Put lazily created parameters on the correct device

I have a custom module that creates some parameters lazily. These parameters are initialized as None, but when forward(input) is called, these parameters are “created,” that is, changed to instances of the torch.nn.parameter.Parameter class. The reason I do this is because the shapes of those parameters depend on the shape of the input to the module, which I don’t know until I have used it once. (As a side note, for this reason, I also need to pass an example through the network once before creating the optimizer for the lazily created parameters to be registered in the optimizer.)

But how do I know which device to put the parameters on? I can pass a device parameter to the module’s __init__ method, but if the module, a, is a child module of another module, b, and the programmer that uses the module does b.to(other_device), then the to method of a will not be called so a will not know that all parameters should now be located on other_device rather than on device, and consequently the parameters will end up on the wrong device when created.

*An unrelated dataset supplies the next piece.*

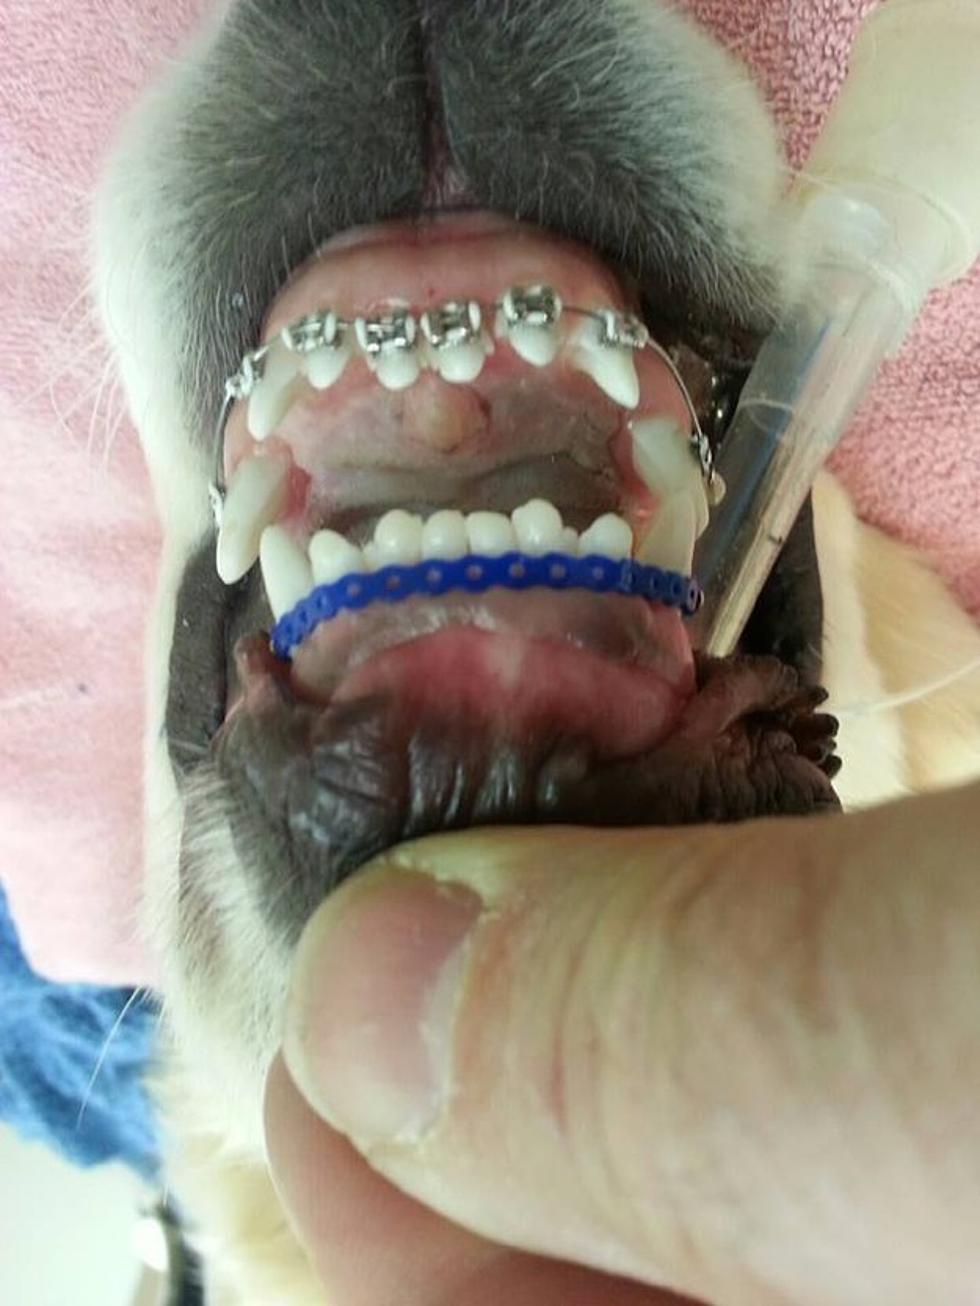 I Love My Dog and All, but Come on – Braces?

Any ideas for how to solve this?

1 Like

Since you are already using an init forward pass to create the parameters and register them, you might also want to use the .device attribute of the input to move the parameters to the sme device. I don’t know how well this approach would work with a data parallel approach, but it might be fine for single GPU use cases.
Note that PyTorch also provides lazy modules via nn.Lazy* (e.g. nn.LazyLinear) so have you checked them as they might be a clean replacement for your custom approach.

1 Like

Using the same device as the input to the layer seems like a valid approach; I didn’t think of that! Thank you very much!